*Supplied information*:

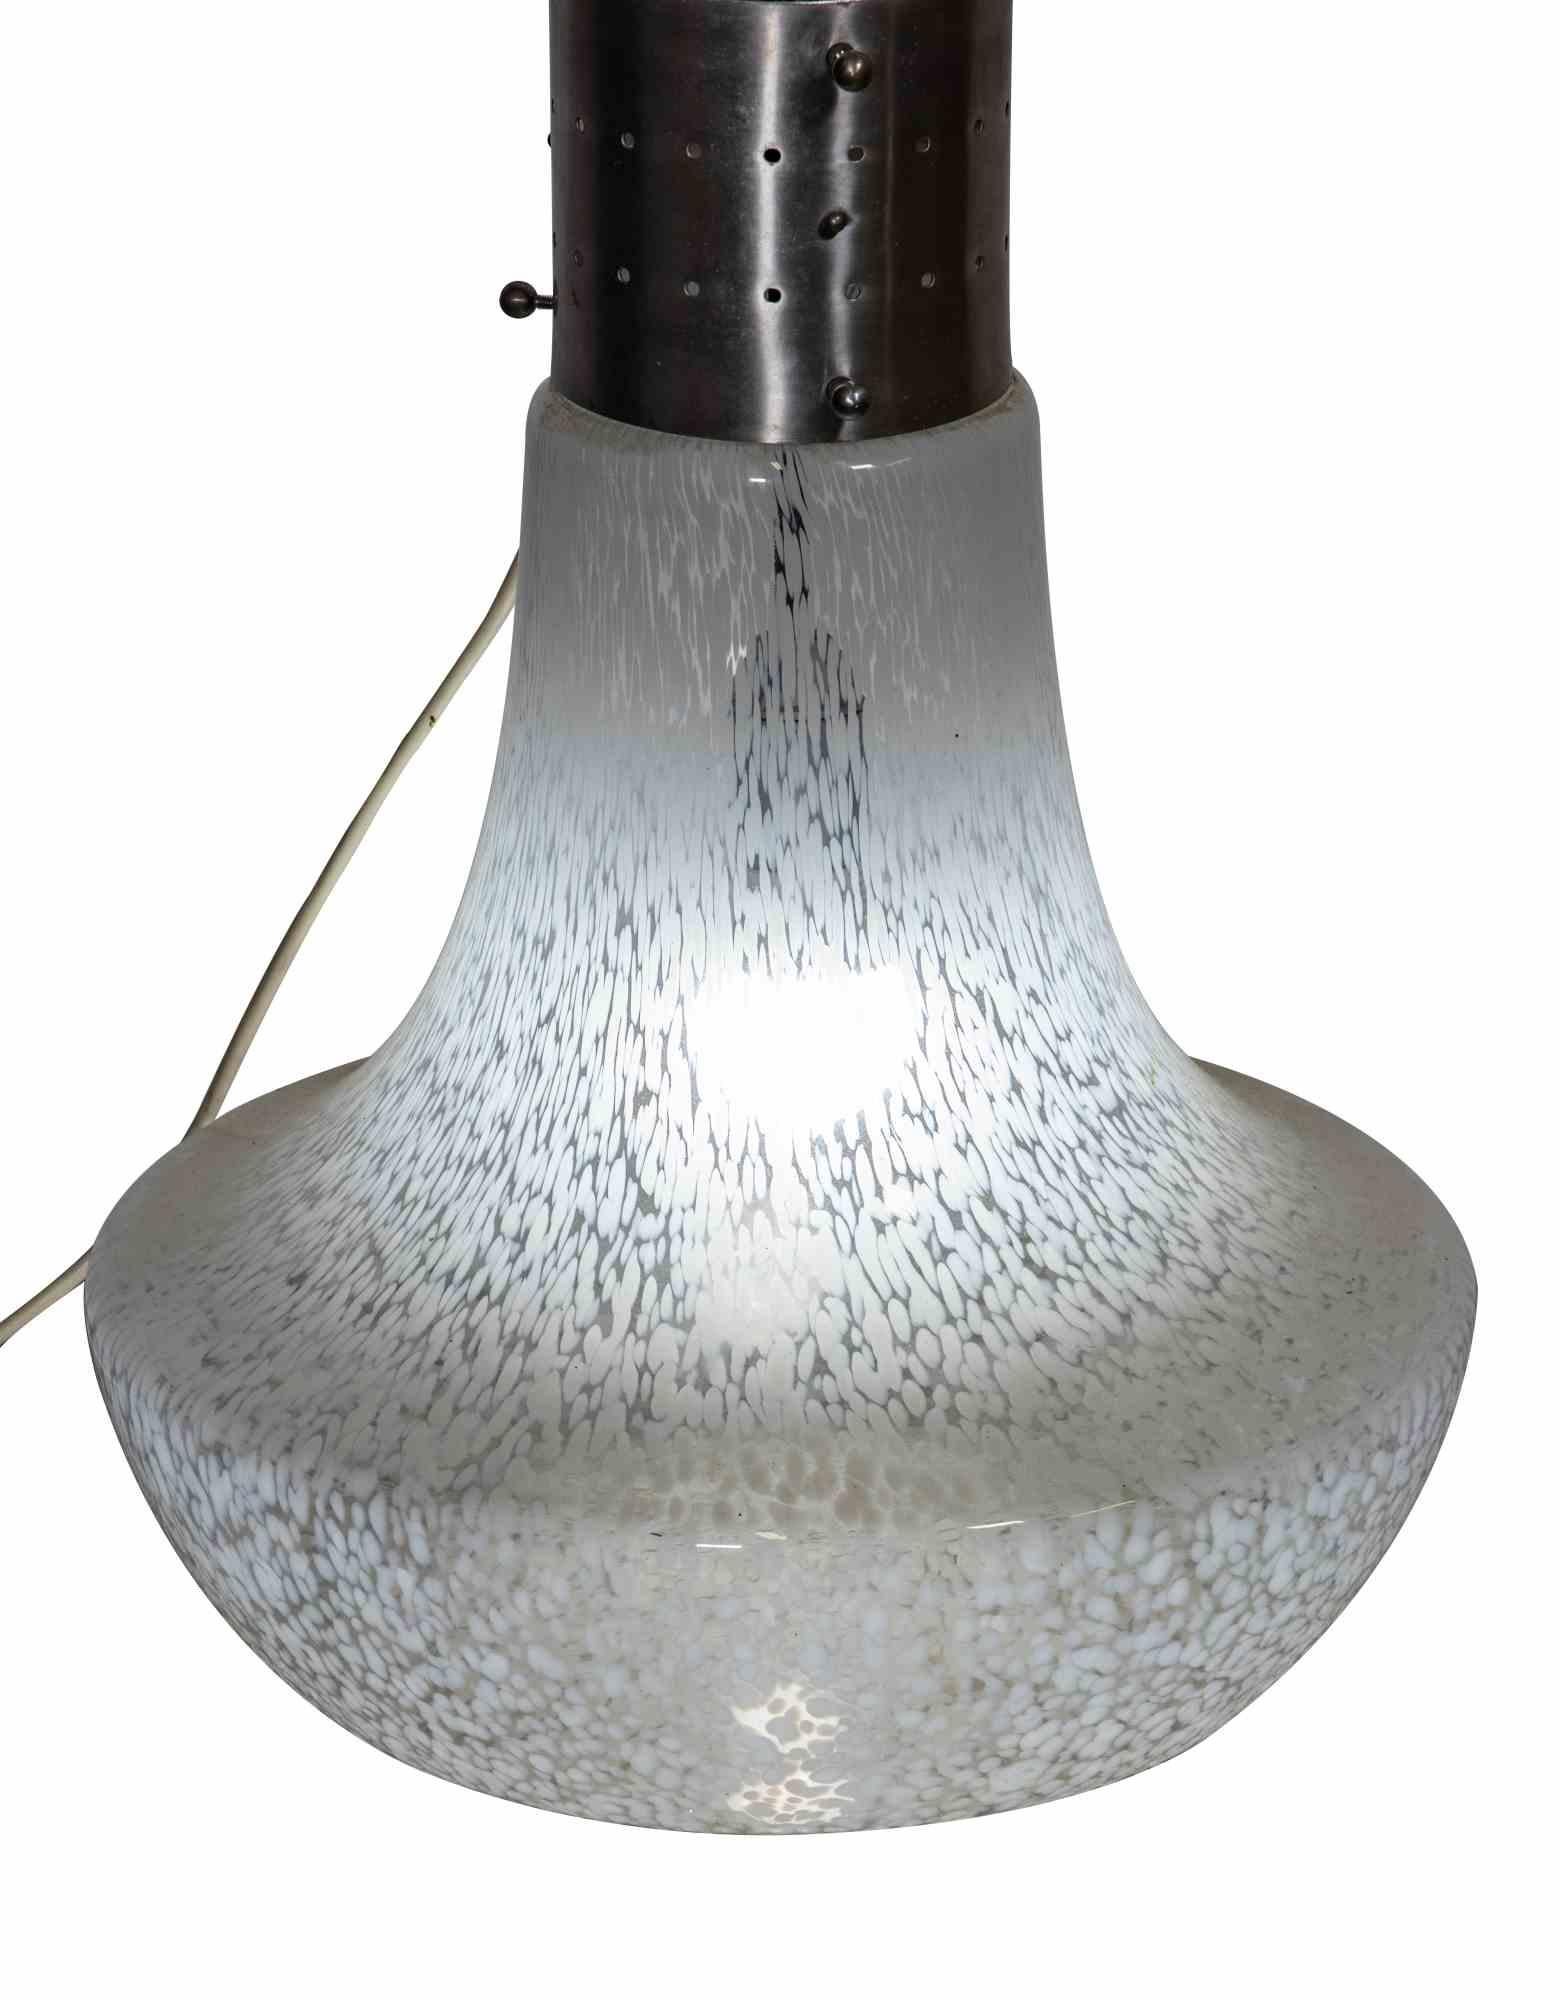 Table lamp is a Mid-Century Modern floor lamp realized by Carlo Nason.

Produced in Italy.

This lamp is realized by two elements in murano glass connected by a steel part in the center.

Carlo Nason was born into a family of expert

*Aim of the exercise*:
Set down each line from the line containing "This lamp is" through the final line of the data, exactly and with nothing added.

*Exercise response*:
This lamp is realized by two elements in murano glass connected by a steel part in the center.

Carlo Nason was born into a family of expert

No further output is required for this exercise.